This is a very interesting game. And that was a very vague statement.
As I find happens often, I had no idea what to expect from this when I began. It's some obscure 2010 NA PS2 update of a 2005 Japanese game that's in a long line of Sakura Wars games and has an anime and the rest of a full on media franchise. I've never heard of any of it.
It's categorized as a strategy RPG/dating sim, but I'm not sure how I feel about either label. There's definitely some strategy RPG, but it's really simple, and there's the tiniest bit of 'dating,' but it's 99% following conversations that don't have to do with romance, and of the 1% that do have to do with romance, 99% of those are silly, sometimes questionably inappropriate, things a 12-year-old would say or do.

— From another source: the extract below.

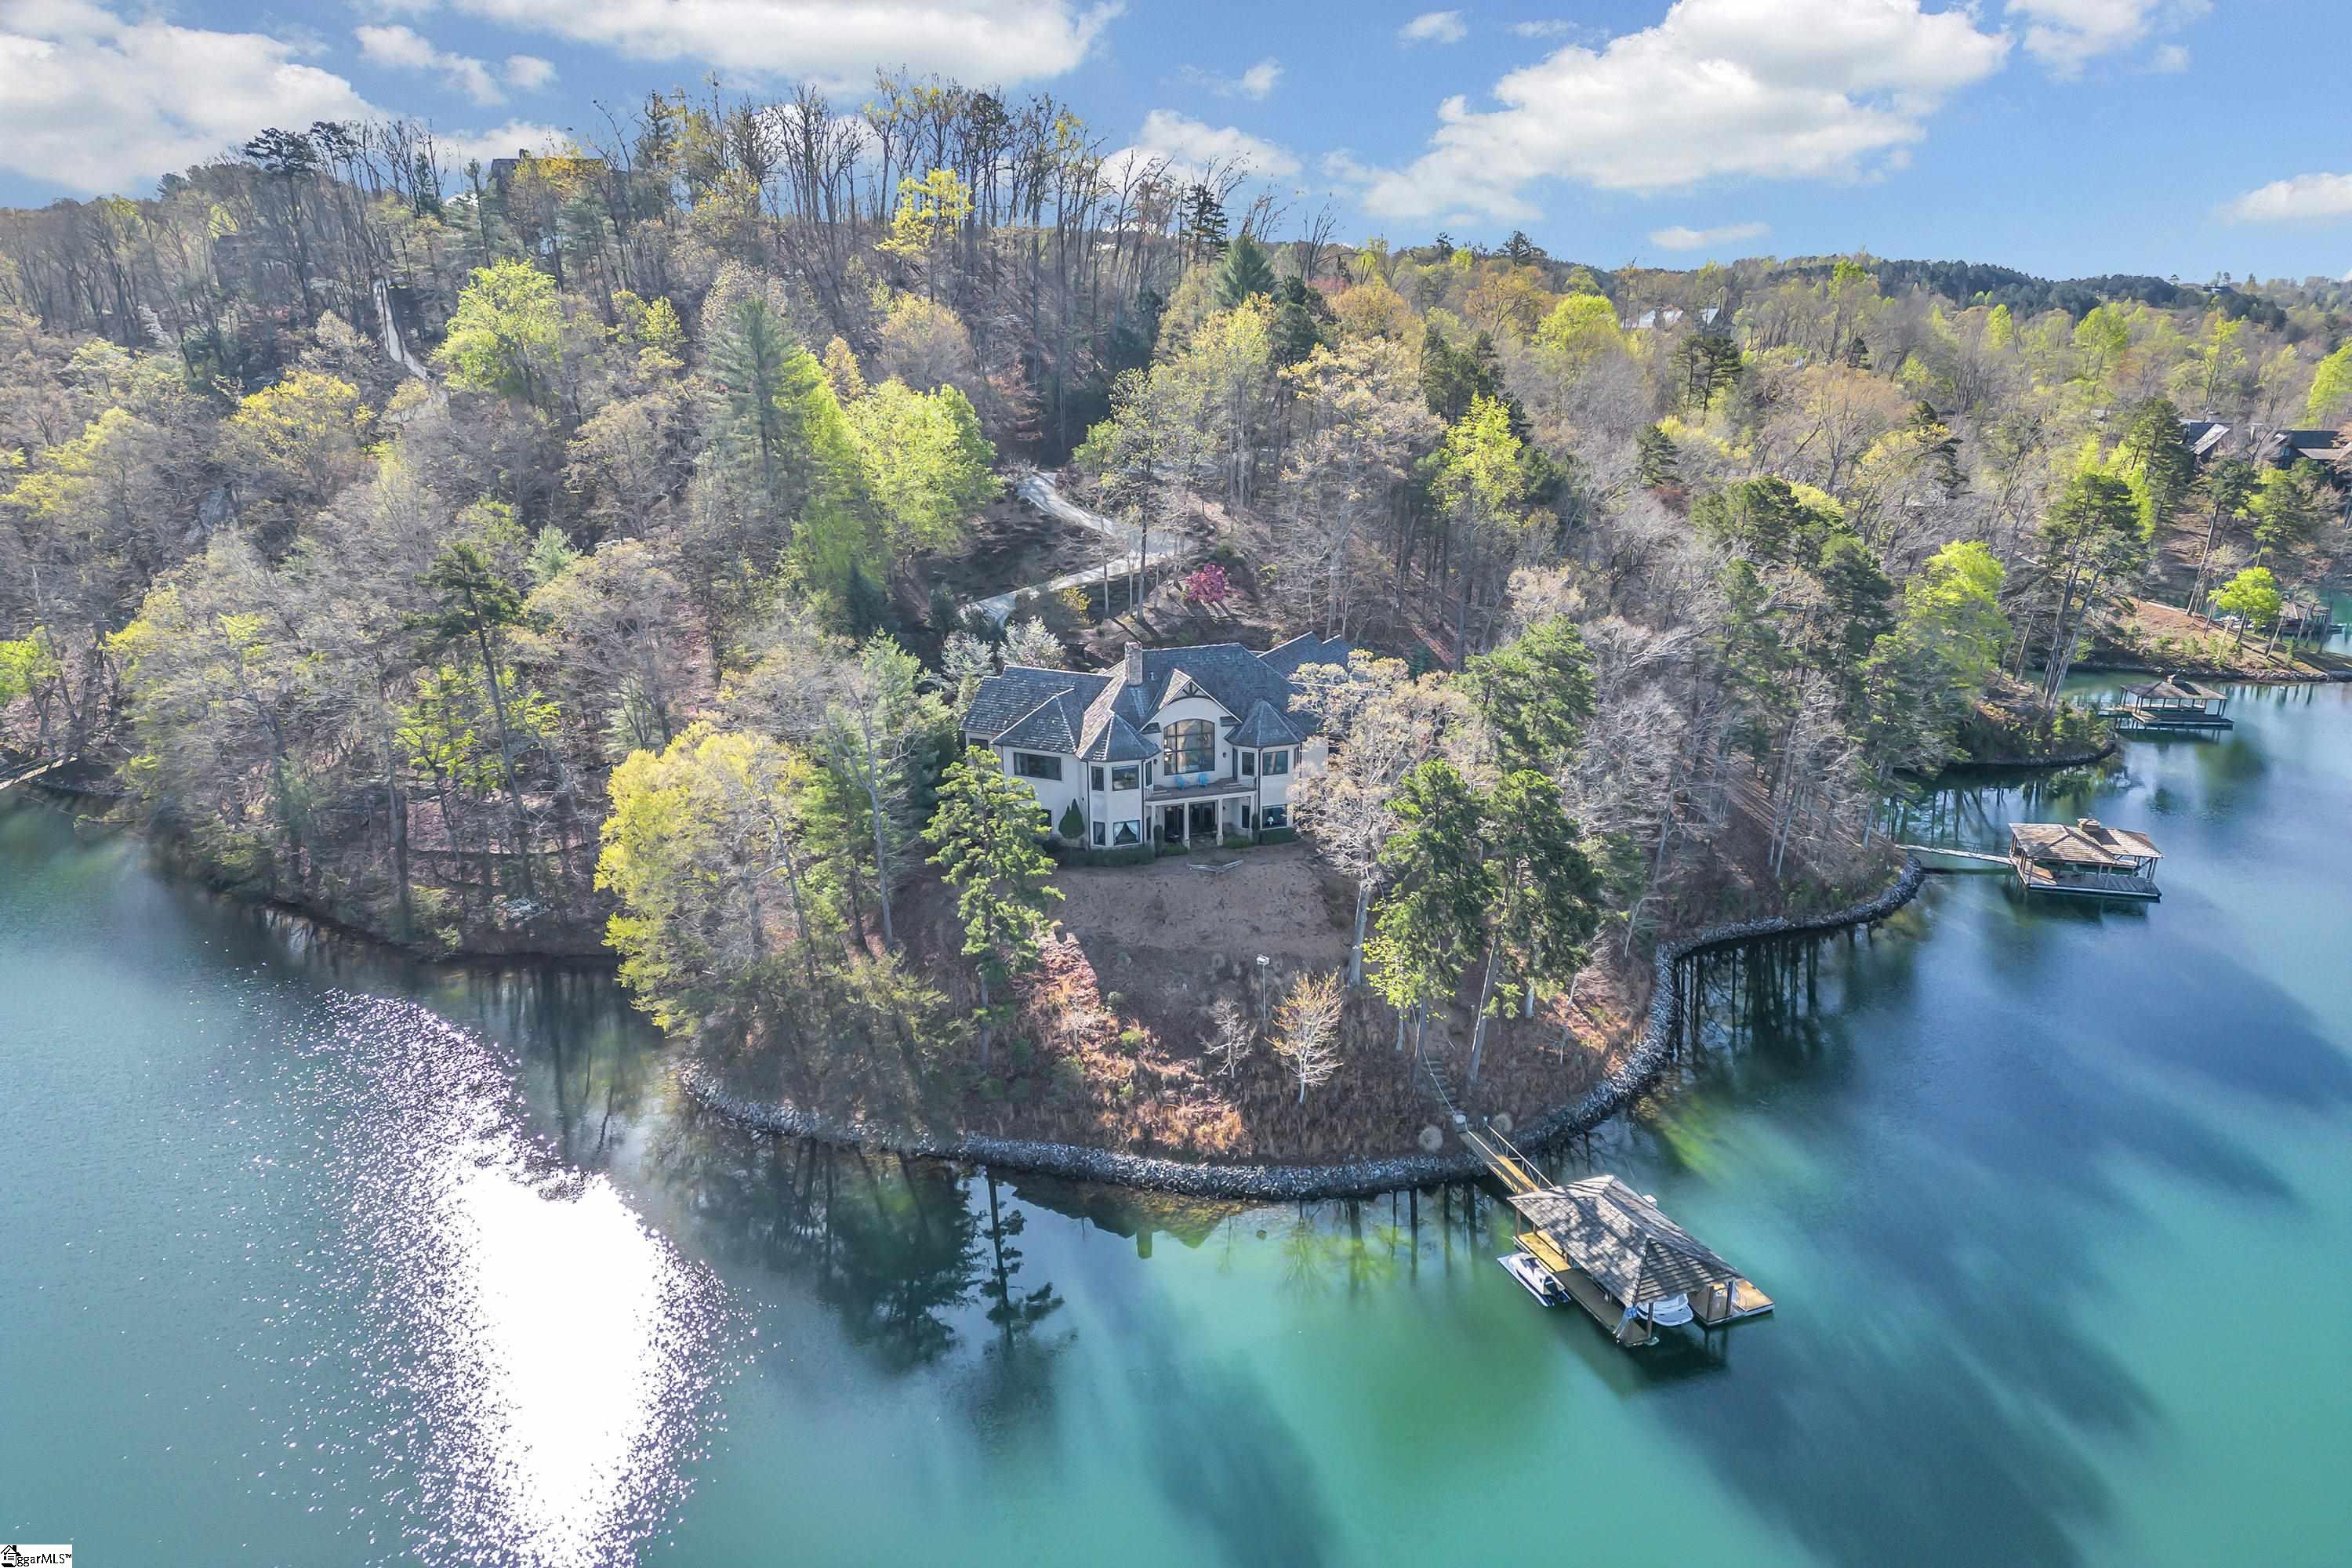 Located on an incredible point lot, 117 Misty Water Loop offers expansive and enviable views of serene open water. The front entrance with its commanding double doors gives the feel of a grand mountain lodge while striking turrets facing Lake Keowee are reminiscent of the European countryside. This home’s story is one of shape and texture as architectural details elevate both the exterior and interior spaces. With the distant Blue Ridge Mountains providing a wondrous backdrop, it is surrounded by idyllic landscaping.  Inside, a soft archway welcomes you to a vast open area where the big water itself is naturally part of the ambiance. The great room is anchored by a stone fireplace and has a built-in entertainment center and shelves and a refined vaulted ceiling juxtaposed beautifully with rustic beams. Have your morning meal or beverage in a bed and breakfast setting as you soak in the scenery from the dining area or spacious bar. The kitchen is equipped with a double-door stainless KitchenAid refrigerator, a wine refrigerator, a double oven, a five-burner Dacor gas cooktop, a large island with its own sink, a new dishwasher, soft-closing drawers, a walk-in pantry, and pendant and recessed lighting.  Warm hardwoods draw you through the main floor where you’ll find a soothing study with built-in shelving, cabinets, and a credenza, along with another splendid perspective of the water. Also located on the main level, the master suite features a wonderfully spacious walk-in closet/dressing area with tasteful storage solutions that make organization simple. Among the amenities of the master bath are heated floors, a zero-threshold walk-in shower with body sprayers, an inviting tub, and custom cabinetry.  A sweeping, curved staircase adds an elegant touch of distinction, but you can also take the elevator to the lower level where there are three bedrooms, two full baths, and an immense recreation room with 12-foot ceilings, tile flooring, a fireplace, and a bar. This area has a personality of its own but fits the character of this gorgeous property. The lower level also has a climate-controlled 2,000-bottle wine cellar, a workshop with room to provide inspiration for any project, utilities including two water heaters, and storage.  The three-car garage has epoxy flooring, a 50-amp charging station for an electric car, and an unfinished area above it that could be converted from storage to living space. The driveway has been replaced with concrete and expanded. The washer and dryer are new, and there’s ample storage, along with countertops for sewing, gift-wrapping, or any task made less laborious by the large laundry room. Additional highlights include a central vacuum, a new generator that serves the entire house, speakers throughout the home, and Pella windows.  In addition to the plethora of interior options, you can enjoy thoughtfully designed exterior sites on both levels where the vistas are immersive. The screened-in porch has a fireplace, a covered area with doors for the TV, and a grilling deck. All the decking is maintenance-free Trex®. Lower-level patios and boulder steps make for easy access to 288 feet of perfectly finished, riprapped shoreline via a high-quality Ipe wood Reserve dock with a cedar shake roof. Don’t let too many sunsets pass without a view from Misty Water Loop.  This property has Full Membership allowing buyer to purchase Premier, Sports or Social Membership at closing.

I don't know what I'd call it. It's about the "New York Combat Revue," a theater troupe/New York defense force, and it's the main character's story of how he gets recruited by the organization, moves to New York, meets everyone, learns a lot about them all and friendship, helps with their problems, some of which involve surprisingly mature discussions of life and death, law and justice, self-acceptance, pity, etc., they put on plays that the people of the city love, and they fight evil that constantly tries to destroy the city. And like I said, 99% of the game is dialogue. It's a weird premise and a weird presentation and a weird game, but I liked it.
I have played games sort of like this. It reminded me of 3 games in particular: Disgaea because it plays out in chapters and has the same kind of chapter scenes and dialogue presentation, Shadow Hearts because it's anachronistic New York, and mostly the Persona series because there's this emphasis on forming relationships with characters in the game. I guess the difference is that in Sakura Wars all your relationships are with girls and there are tons of different branching bits of the story depending on who you win over or piss off, and in Persona you're supposed to form relationships with all kinds of different people who don't necessarily have connecting stories. I'll always remember the dying man on the bench in the park, the little girl on the playground who wanted to run away from home, the old Japanese guy in the bar who left his family...that game seriously had some cool stories. Anyway, so however weird Sakura Wars is, at least I had a little exposure to things kinda like it before.
The dialogue is pretty good. Most of the characters are interesting and I actually enjoyed playing (reading) this game. You just follow them around their daily life. And the game is set in New York City, and I actually feel like I learned something about the place. There's a bit of a free roaming aspect when the game lets you explore the city and check out what's happening in all the places you can go to. Harlem is one area, and otherwise you can go to Central Park and Wall St. and see the Statue of Liberty. Whoever wrote this game really loves New York. There's tons in there about how great America and New York are, which, as an American playing this Japanese game, was pretty amusing. One of the characters is a black lawyer from Harlem who is super litigious. There's a lot of talk about soul food and jazz and community and fat Americans and it's funny because, since I've never been to Harlem and don't know anything about it, I don't know what's a stereotype and what's not. Like do they really like soul food in Harlem? I dunno.
This is the New York of the 1920s, roaring and full of life. There are a lot of immigrants, and I remember one point the game making a pretty strong statement about immigrants and diversity with a racially-charged scene of a white guy yelling at a Japanese, and then of course realizing later that he's wrong and they're all New Yorkers. But it's not just 1920's New York. There's a Demon Lord that's trying to invade the city, and the good guys all fight in giant mech suits, so that's the setting.
Each character (the 5 girls) has an excellent story, except Rosita, the annoying child with twin pistols who is obsessed with food. Hers is lame because she's the token annoying character in every RPG ever. Her story got really sugary sweet about teamwork and blah blah that other characters expressed in better ways. Then Diana, who has some fatal disease, she was annoying at first because she never responds like you think she will. So in dialogue, every so often you'll get a choice for what to say. You can piss them off, agree, hit on them, any one of various responses, and all these responses affect how you get along with that person and how they act toward you and perform in battle. Right so most of the characters I could read, but Diana, like in my opinion as a human trying to talk to another human, was irrational and would lash out when I was sure I was saying something she'd respond positively to. "I'm hungry Shin, what should I eat?" "Chicken." "What?! I hate chicken and you're a terrible person!" "Okay..." There was a scene not far removed from that...because she really likes birds.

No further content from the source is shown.